Gillmore, Maule Valley (Chile), Cabernet Franc “Old Vines” 2012 (Global Vineyard Importers, $40) and Maquis, Colchagua Valley (Chile) “Franco” Cabernet Franc 2011 (Global Vineyard Importers, $85): When someone tells me that he or she has a good wine from Cabernet Franc, I am immediately interested. Compared to Cabernet Sauvignon, the production of Cabernet Franc is small and isolated enough that every Cabernet Franc wine from the New World piques my curiosity. The best wines are more flavorful and sprightly than most Cabernet Sauvignons, with enticing fresh fruitiness and yet enough weight to be considered serious wines.
Larry Challacombe, President of Global Vineyard Wine Importers in Berkeley, oversees a large portfolio of wines from artisanal family wineries in South America. He pointed out that several of his Chilean wineries have embraced Cabernet Franc and produce varietal Cabernet Franc wines, while many others are relying on this grape as part of their blends. He believes that the growing acreage of Cab Franc in Chile signals increasing importance of this variety in South America.
I tasted four of Larry’s varietally labelled Chilean Cabernet Franc wines that range in price from $14 to $85 a bottle and, in production volume, from eleven thousand cases to just 500 cases. Every one of them was a terrific wine worth buying, even the $14 everyday entry, 2014 Calcu Cabernet Franc Reserva Especial from Colchagua Valley. This wine is particularly aromatic with floral notes, delicate red fruits, dark berries, sweet spices, chocolate and tarragon. Its acidity is refreshing and its noticeable tannin does not overtake the wine’s enticing fresh fruit. Not surprisingly, it is the lightest wine of the four, but medium-bodied nonetheless, and frankly dry. How many $14 wines deserve 89 points?

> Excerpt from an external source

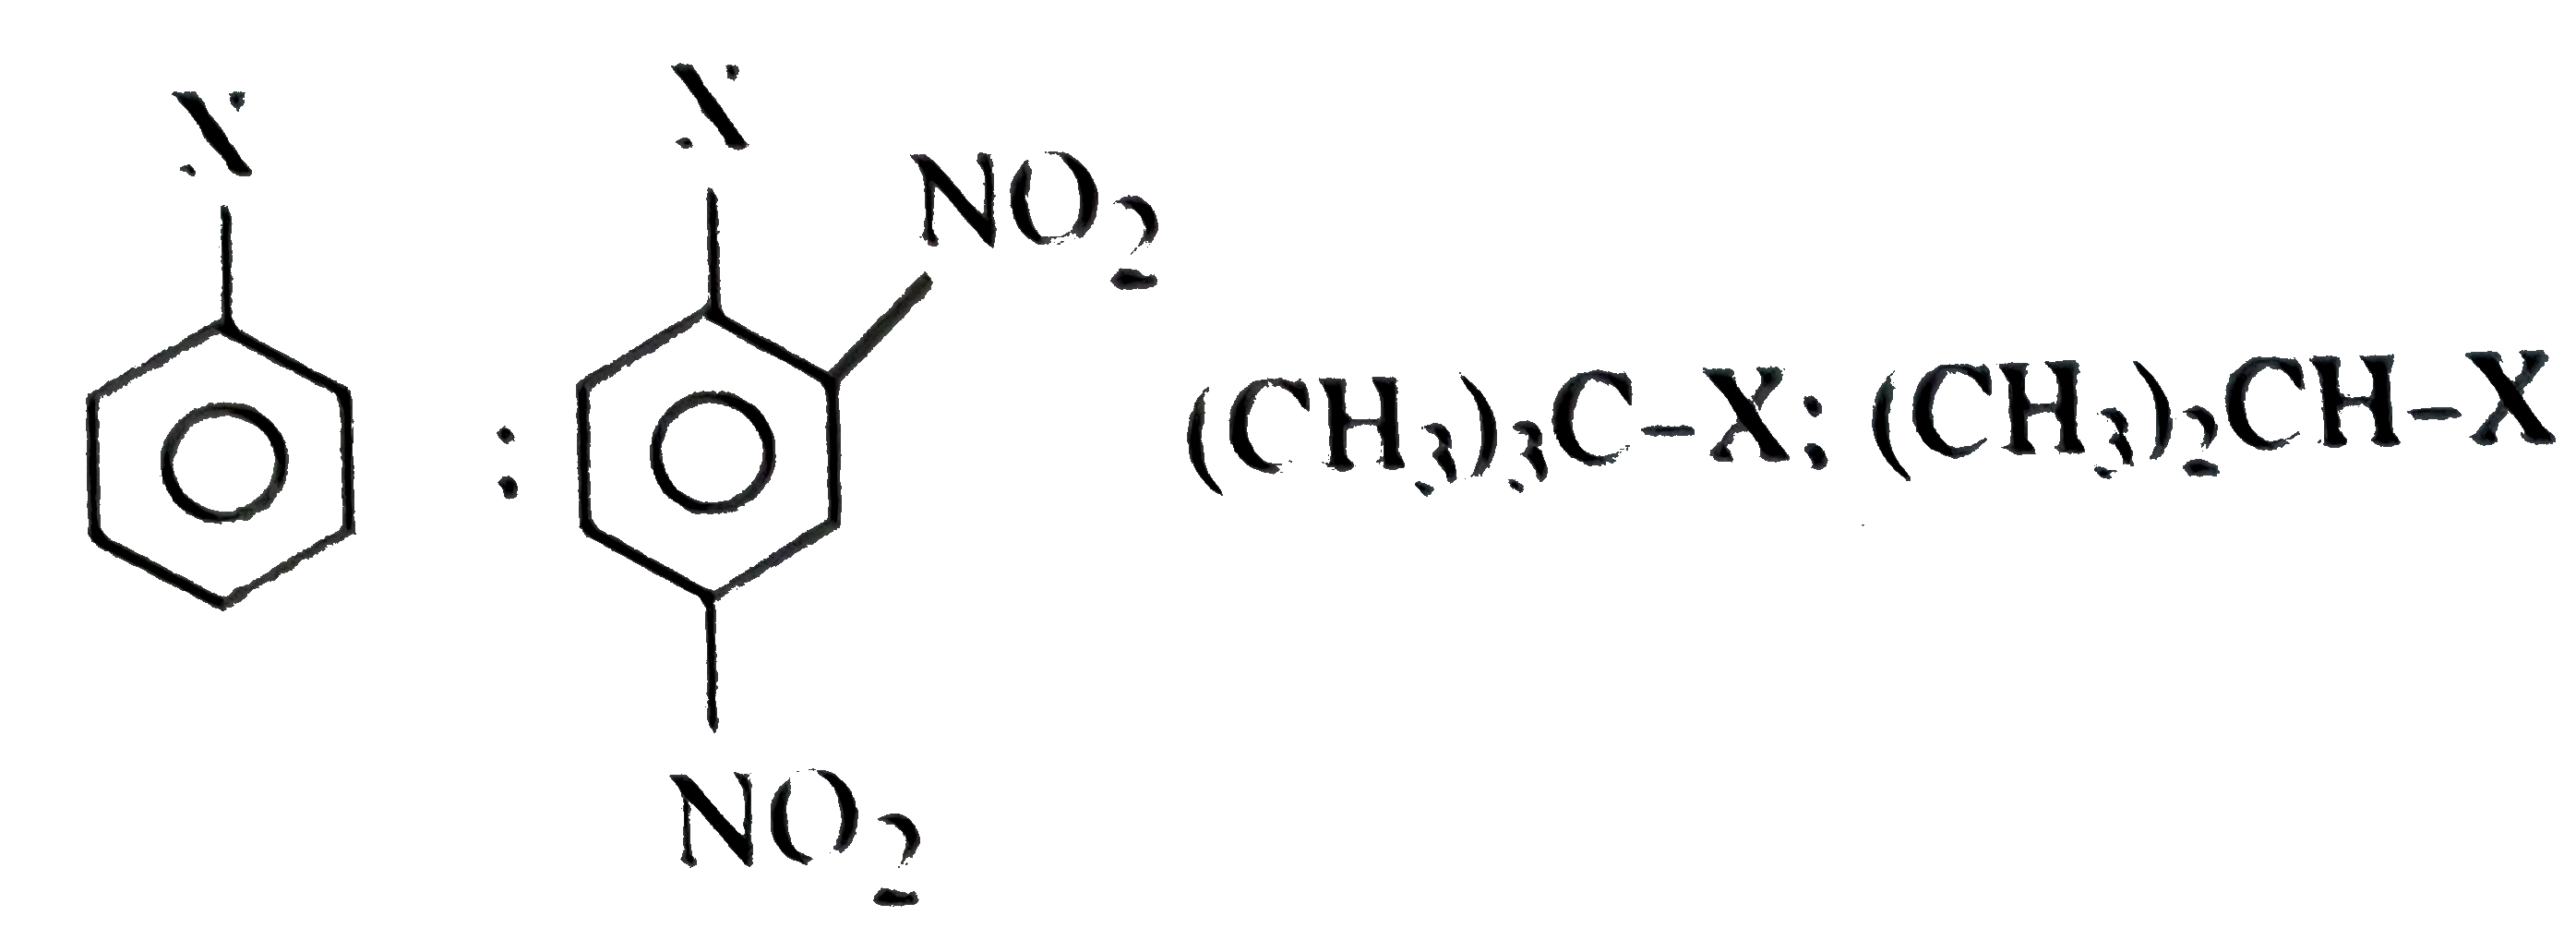 The correct order of increasing reactivity of C-X bond towards nucleophile in the following compounds is :

Two of the wines come from Viña Maquis, an estate winery in Colchagua whose vineyard is bordered by two rivers that together funnel coastal breezes inland. The Cabernet Franc vines occupy the coolest site on the estate, and the two Cab Franc wines in fact share a remarkable freshness and vibrancy of fruit that would seem to be derived from a cool terroir, as well as from winemaking that’s focused on retaining freshness of flavor. The 2014 Maquis Cabernet Franc ($20) shows compact and concentrated fruit — blackberry, black cherry, plum, with clove and chocolate — that’s woven with toasty oak notes and edgy tannins. This is a very structured red wine and yet the fruit holds its own in the balance. Freshness, flavor, concentration and structure are the hallmarks of this wine, and I rate it at 90 points.
The 2011 Maquis “Franco” Cabernet Franc ($85) is a stunning wine. Take the style of the less expensive Maquis Cab Franc, smooth the tannins into silk, add tertiary character of dried berries and savory notes, lengthen the finish, and plump the wine with richness from its core — and you have this powerful but smooth, compact but complete Cabernet Franc. What remains identifiably Cabernet Franc in this wine (apart from its general greatness-traits) is its vibrancy and its lingering notes of red fruits.
The final Chilean Cabernet Franc that I tasted is my favorite, a choice that revolves around style and to some extent value. That wine is the 2012 Gillmore Cabernet Franc Old Vines ($40) from Maule, a southern Chilean region that is increasingly garnering attention for its very old vines and its cool climate. Sandwiched between the two Maquis wines in my tasting line-up, this wine stood out as a smoother, softer, less powerful and intense style of Cab Franc. While structure and intensity are key characteristics of the three wines from Colchagua, this wine is about aromas and flavors and integration. On your nose and in your mouth, it suggests roses, red cherries, red berries, smoke, and sweet spices. The wine’s tannin is gentle and well integrated. Unfettered by youthful tannin, the wine’s fruit grows in your mouth, gaining weight and showing its purity. Although its flavors are those of Cabernet Franc, this wine seems a bit Burgundian in texture and structure. It tastes of its grapes, while its winemaking takes a back seat.
All four of these wines show impressive fruit quality and suggest great potential for Cabernet Franc in Chile.